FDA Expands Approval for Denosumab
September 19, 2011 -- On Friday, September 16, 2011, the Food and Drug Administration (FDA) approved denosumab (Prolia) to increase bone mass in non-metastatic prostate cancer patients undergoing androgen deprivation therapy (ADT). Patients undergoing ADT tend to be at high-risk for fractures, including fractures of the spine. With denosumab injections, patients may reduce the risk of these fractures.
Matthew Smith, MD, PhD, director of the Genitourinary Malignancies Program at Massachusetts General Hospital Cancer Center, Boston has been a Prostate Cancer Foundation (PCF) funding recipient since 1997 for his work in improving prostate cancer survivorship. PCF has invested more than $1.8 million in Dr. Smith and his team’s critical research projects on denosumab and treatment sciences on improving survivorship. The more than $1.8 million in funding support for Smith and denosumab from the Prostate Cancer Foundation came from peer-reviewed, non-corporate academic grants starting in 1997.
Dr.

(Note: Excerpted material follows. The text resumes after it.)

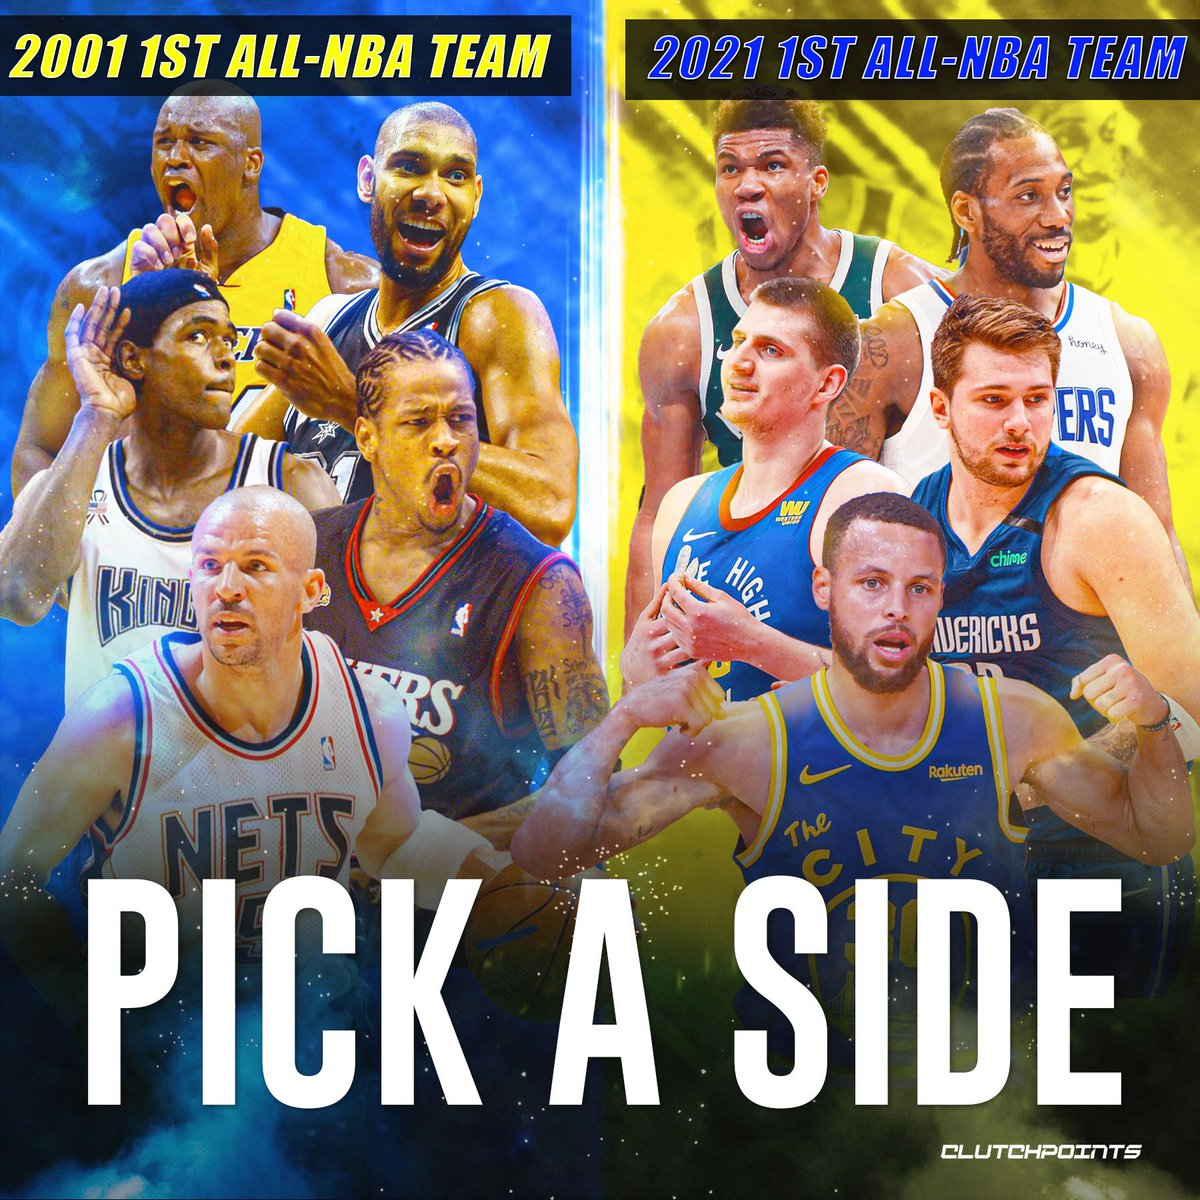 Two NBA top fives, 20 years apart. Who you got? 🔥 👉 2001: Jason Kidd, Allen Iverson, Chris Webber, Tim Duncan, Shaquille O'Neal 👉 2021: Stephen Curry, Luka Doncic, Kawhi Leonard, Giannis Antetokounmpo, Nikola Jokic

Smith was involved in the design of the registrational clinical investigations for Prolia. Denosumab is manufactured by Amgen pharmaceuticals.
Denosumab is also approved by the FDA for additional indications. Prolia was approved by the FDA on June 1, 2010 for the treatment of postmenopausal women with osteoporosis who are considered to be at high-risk for fractures. In November 2010, the FDA approved Prolia (Xgeva) to help prevent skeletal-related events (SREs) in prostate cancer patients treated with ADT whose cancer had metastasized to bone.